Key Components Summary
flowchart TB
subgraph Indexing
A[Documents] --> B[Chunker]
B --> C[Embedding Model]
C --> D[(Vector Store)]
end
subgraph Query Time
E[User Question] --> F[Embedding Model]
F --> G[Similarity Search]
D --> G
G --> H[Retrieved Chunks]
H --> I[Prompt Builder]
E --> I
I --> J[LLM]
J --> K[Answer]
end
| Component | Role |
|---|---|
| Chunker | Splits documents into manageable pieces |
| Embedding Model | Converts text to numerical vectors |
| Vector Store | Stores and searches vectors efficiently |
| Retriever | Finds the most relevant chunks for a query |
| LLM | Reads context + question, generates the answer |
When to Use RAG
RAG is the right choice when:
- You need the AI to answer questions about private or proprietary data that was never part of training.
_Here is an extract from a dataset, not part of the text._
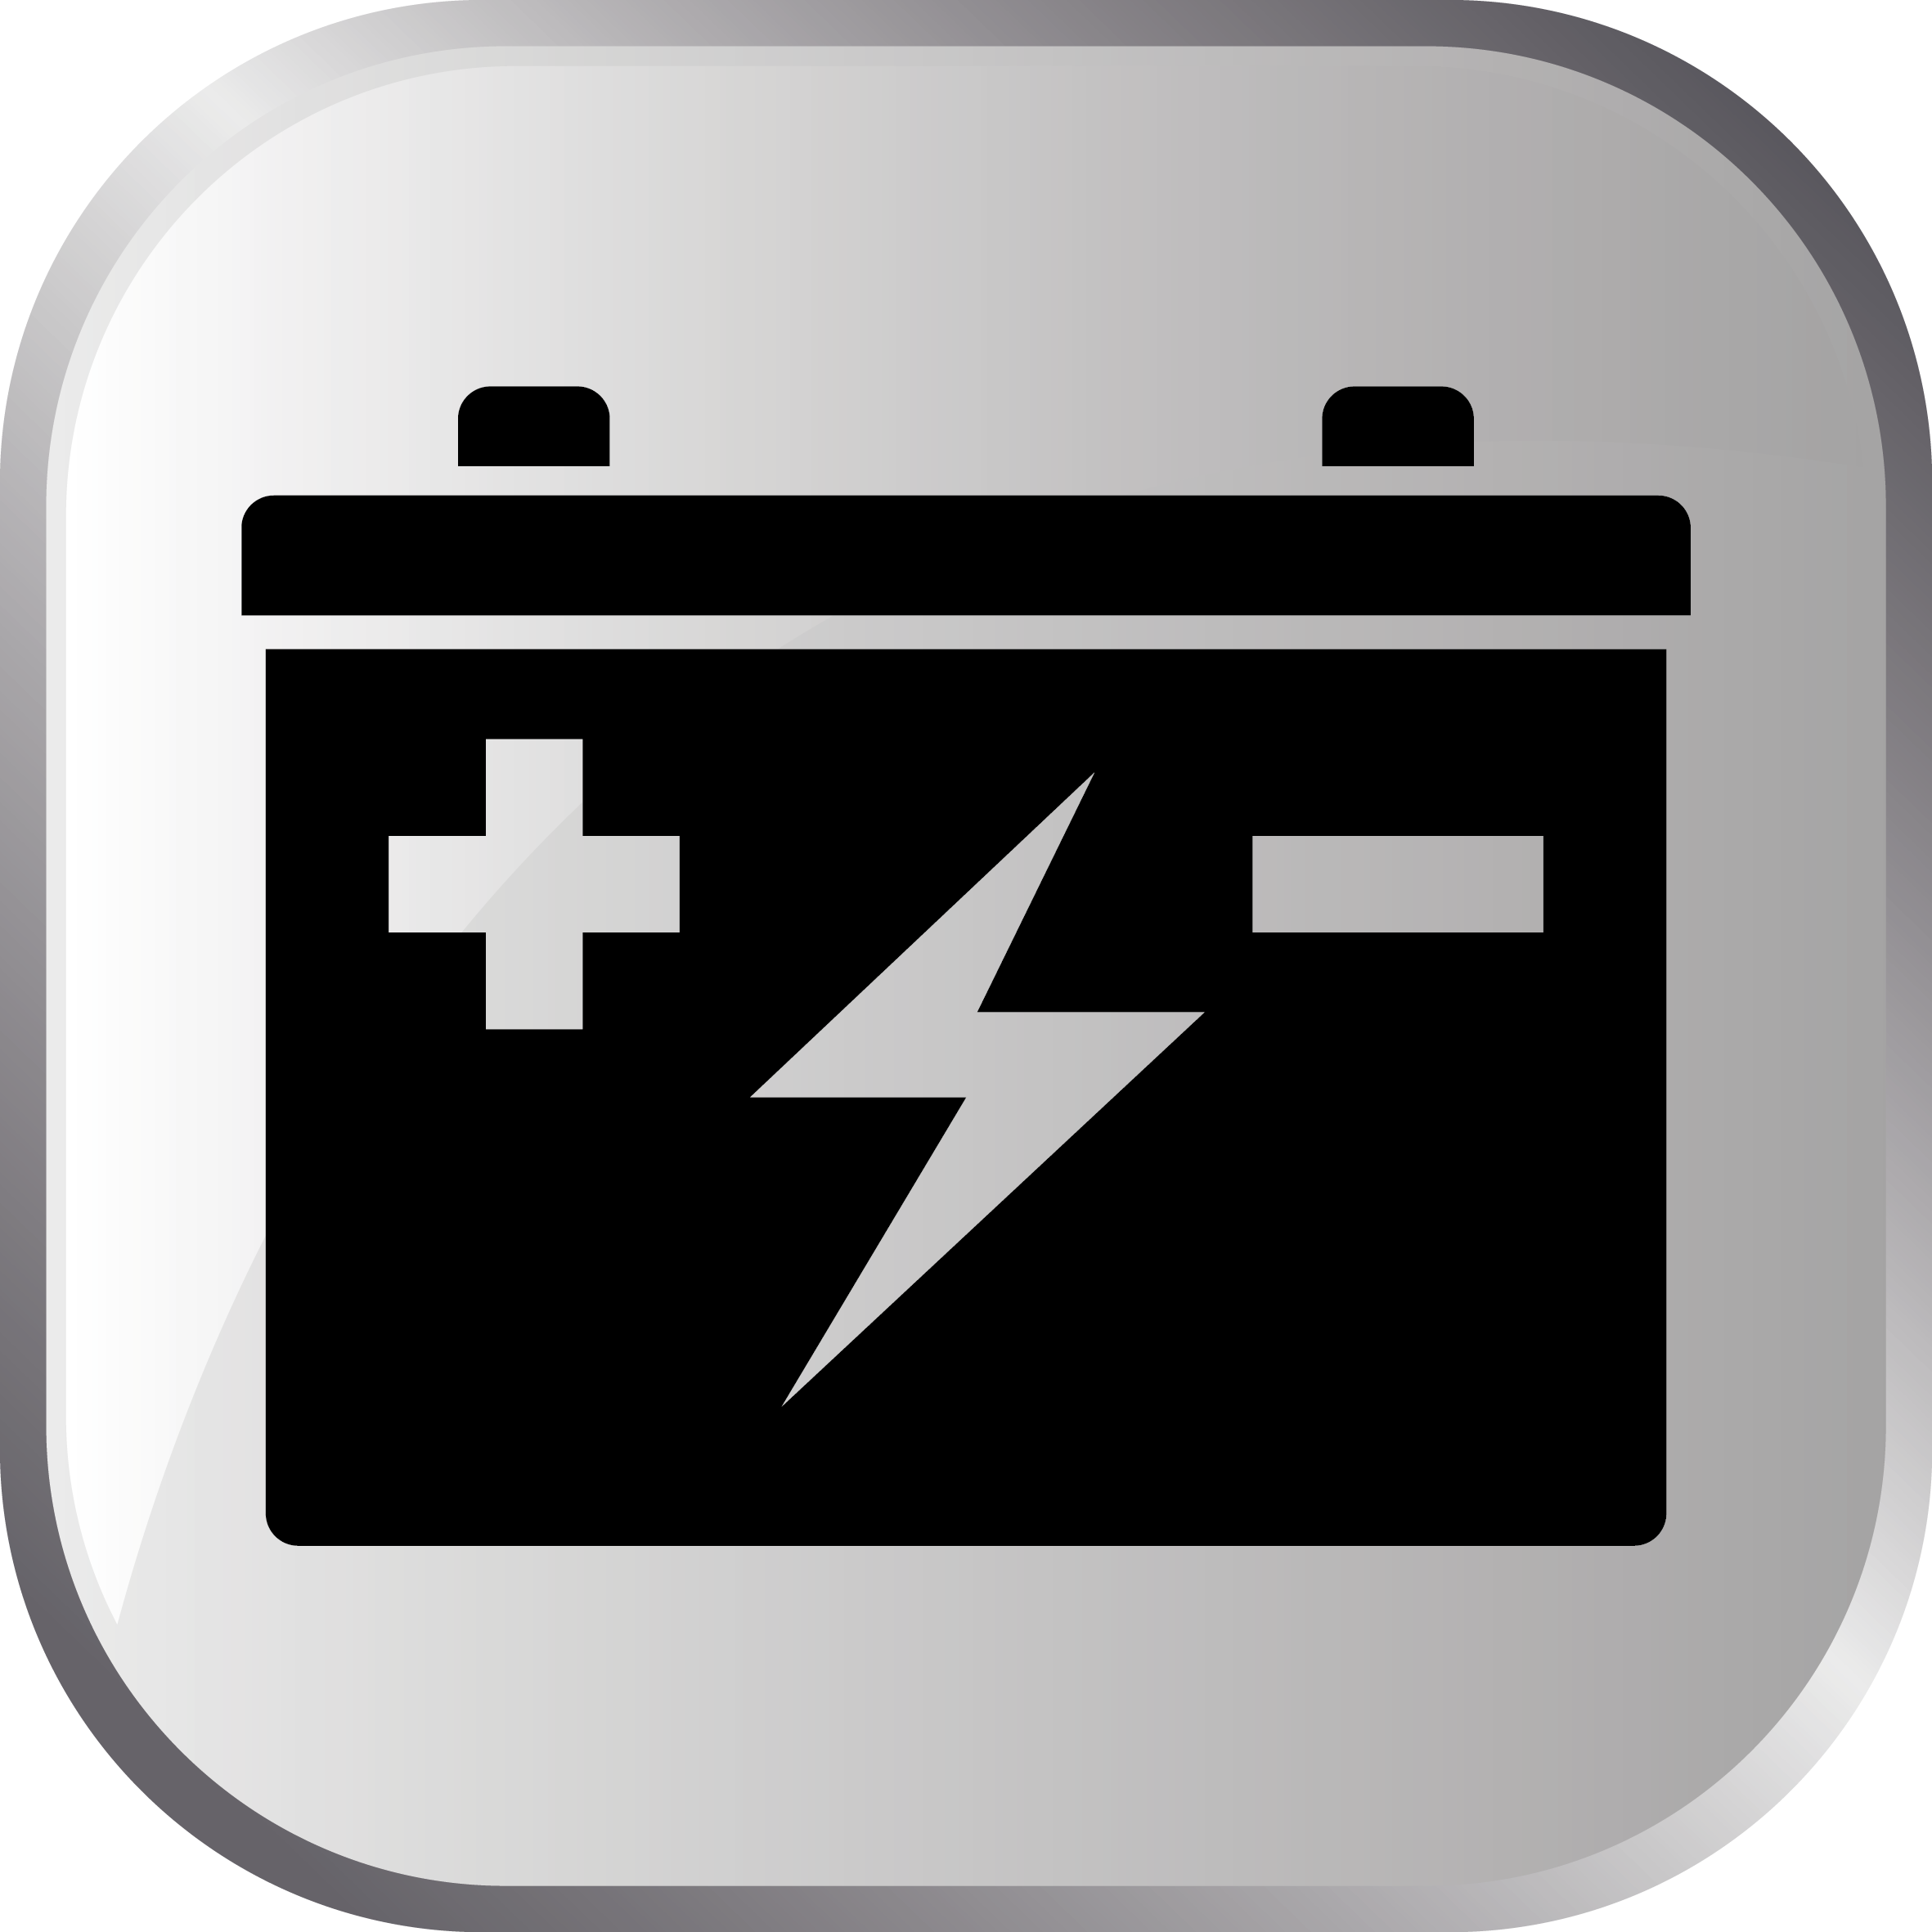 Sähkö- ja elektroniikkatyöt -

- Your knowledge base changes frequently — re-indexing documents is far cheaper than retraining.
- You need citations or traceability — you can show users exactly which chunk the answer came from.
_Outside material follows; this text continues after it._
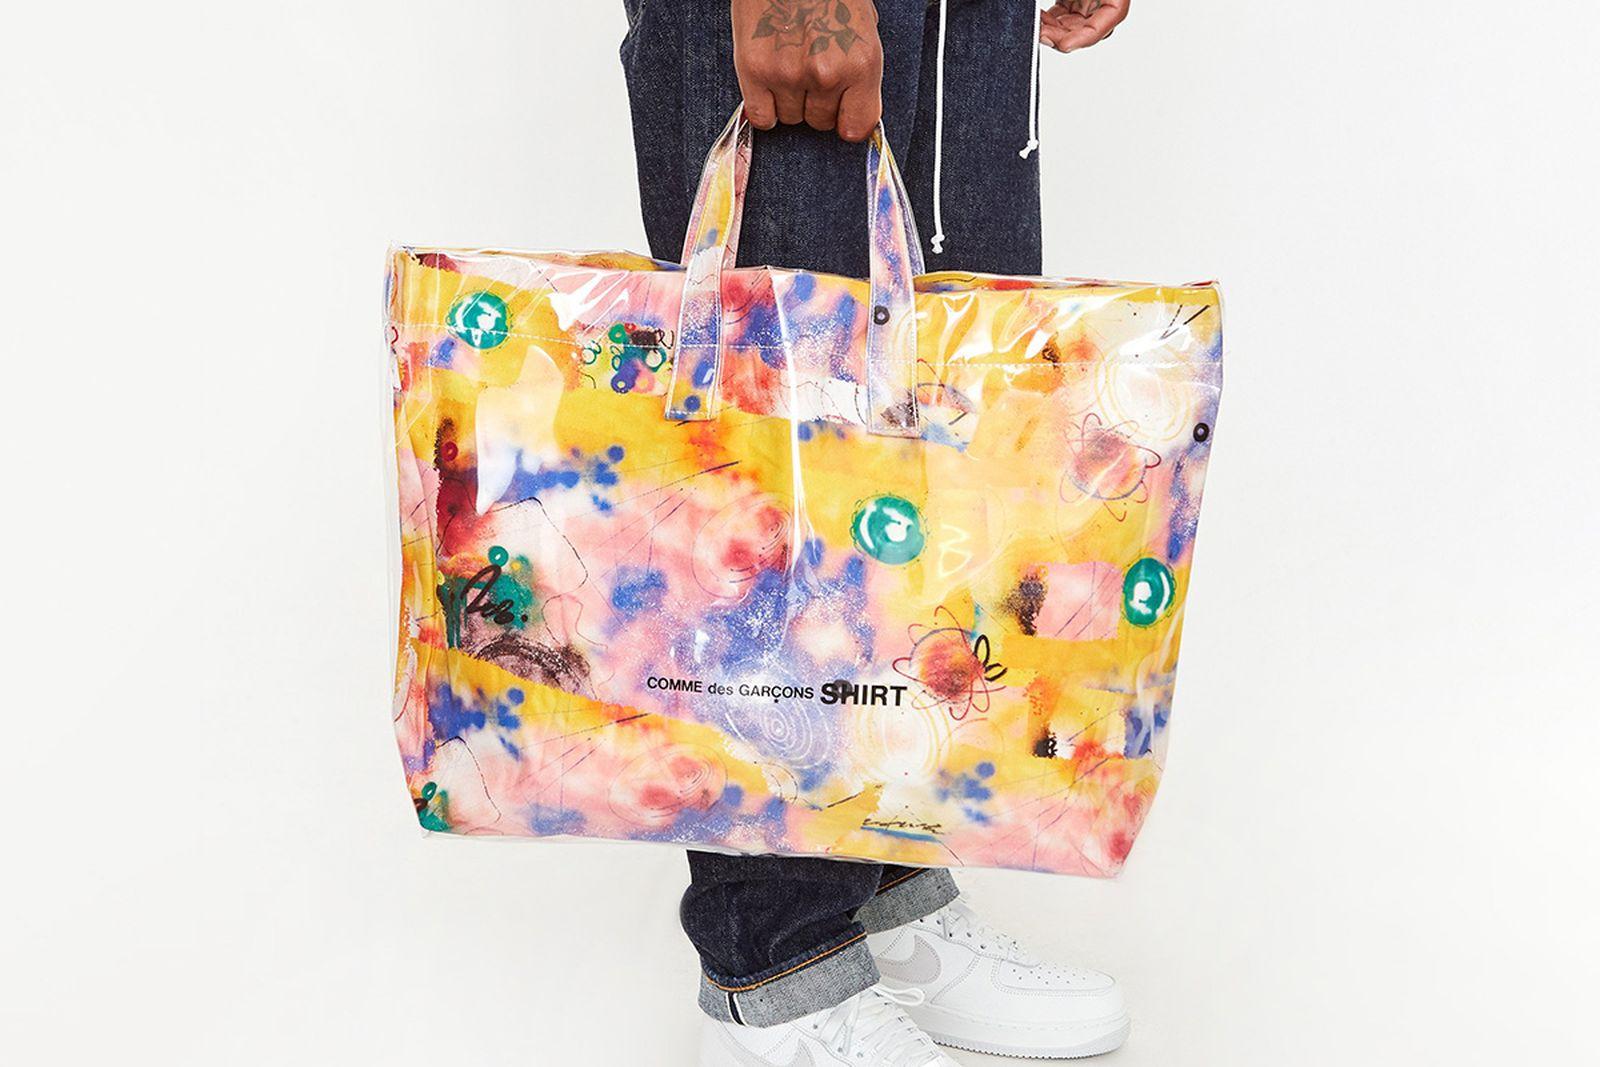 waterproof bags image

- You want to reduce hallucinations by grounding every response in real, retrieved documents.
RAG vs. Fine-Tuning
Both RAG and fine-tuning can give an LLM access to domain-specific knowledge, but they do so in fundamentally different ways.
| RAG | Fine-Tuning | |
|---|---|---|
| Updates knowledge | Re-index documents | Retrain the model |
| Handles private data | Yes | Yes (but data is baked in) |
| Reduces hallucination | Yes (with grounding) | Partially |
| Cost | Low (retrieval is cheap) | High (training is expensive) |
| Transparency | High (can cite sources) | Low (knowledge is implicit) |
Fine-tuning bakes knowledge into the model's weights — useful for teaching it a specific tone or task style, but expensive and opaque. RAG keeps knowledge external and queryable — cheaper to update, easier to audit, and better at reducing hallucinations when the retrieval quality is high.
Summary
RAG is a practical, proven pattern that gives language models access to up-to-date, domain-specific knowledge without requiring any retraining. It works in four clear steps:
- Indexing — chunk and embed documents into a vector store.
- Retrieval — embed the user's query and fetch the most semantically similar chunks.
- Augmentation — inject those chunks into the LLM prompt as grounding context.
- Generation — the LLM produces an accurate, traceable answer from the provided context.
It directly solves the core limitations of static language models — knowledge cutoffs, hallucinations, and inability to access private data — which is why RAG has become one of the most widely deployed patterns in production AI systems today.